Selective Vulnerability to Pyrimidine Starvation in Hematologic Malignancies Revealed by AG-636, a Novel Clinical-Stage Inhibitor of Dihydroorotate Dehydrogenase

Mol Cancer Ther 2020 Dec;19(12):2502-2515.PMID:33082276DOI:10.1158/1535-7163.MCT-20-0550

Agents targeting metabolic pathways form the backbone of standard oncology treatments, though a better understanding of differential metabolic dependencies could instruct more rationale-based therapeutic approaches.
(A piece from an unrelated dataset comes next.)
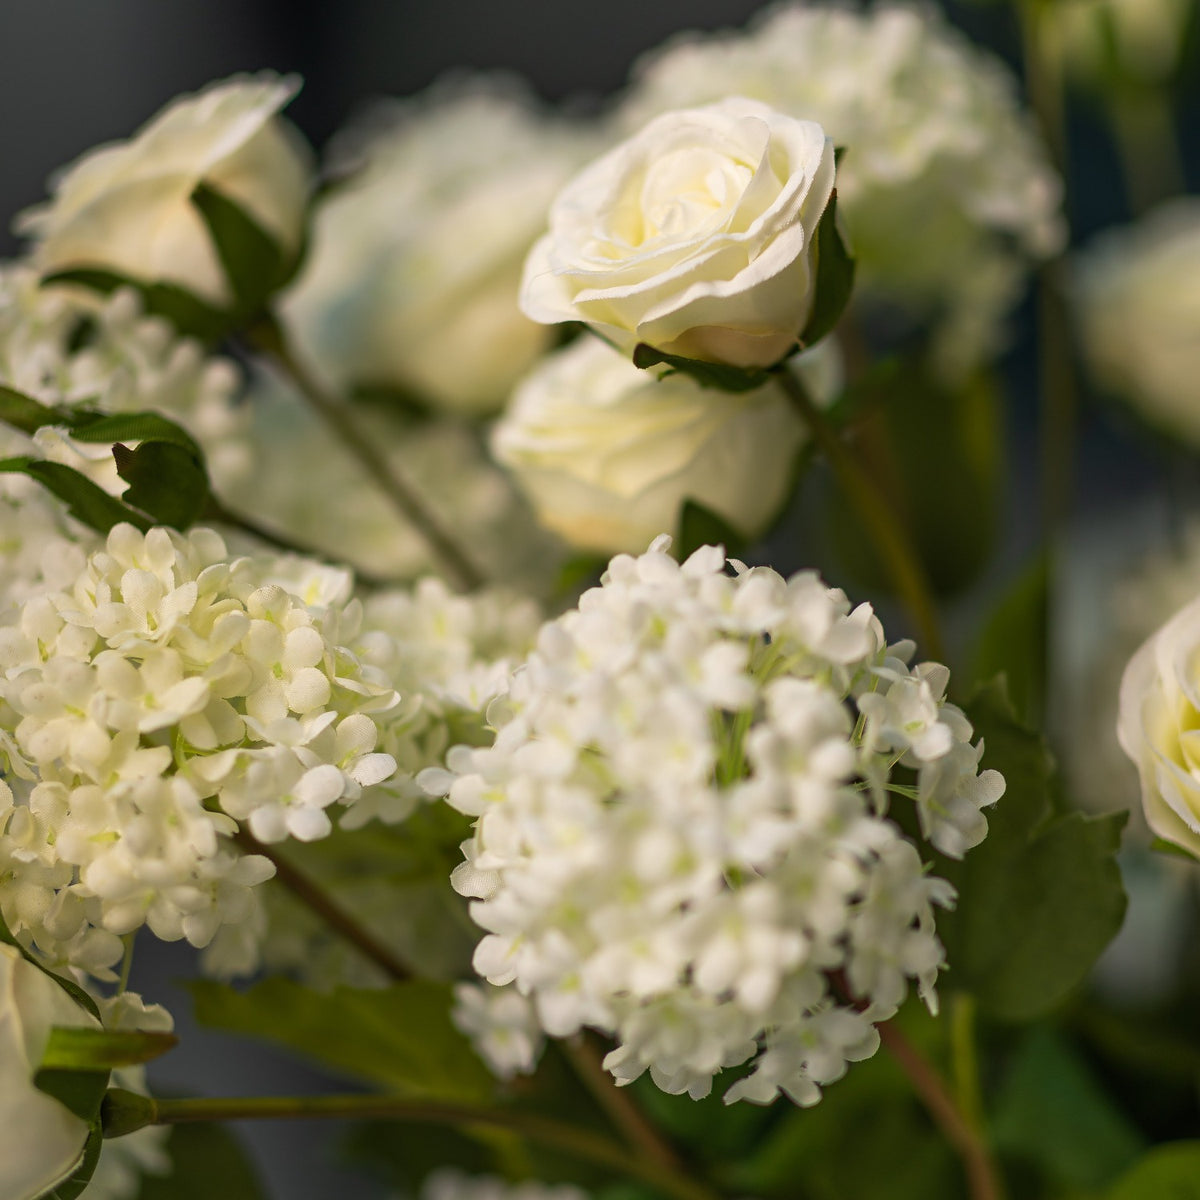 White Viburnum &amp; White Roses arrangement

We performed a chemical biology screen that revealed a strong enrichment in sensitivity to a novel dihydroorotate dehydrogenase (DHODH) inhibitor, AG-636, in cancer cell lines of hematologic versus solid tumor origin. Differential AG-636 activity translated to the in vivo setting, with complete tumor regression observed in a lymphoma model. Dissection of the relationship between uridine availability and response to AG-636 revealed a divergent ability of lymphoma and solid tumor cell lines to survive and grow in the setting of depleted extracellular uridine and DHODH inhibition. Metabolic characterization paired with unbiased functional genomic and proteomic screens pointed to adaptive mechanisms to cope with nucleotide stress as contributing to response to AG-636. These findings support targeting of DHODH in lymphoma and other hematologic malignancies and suggest combination strategies aimed at interfering with DNA-damage response pathways.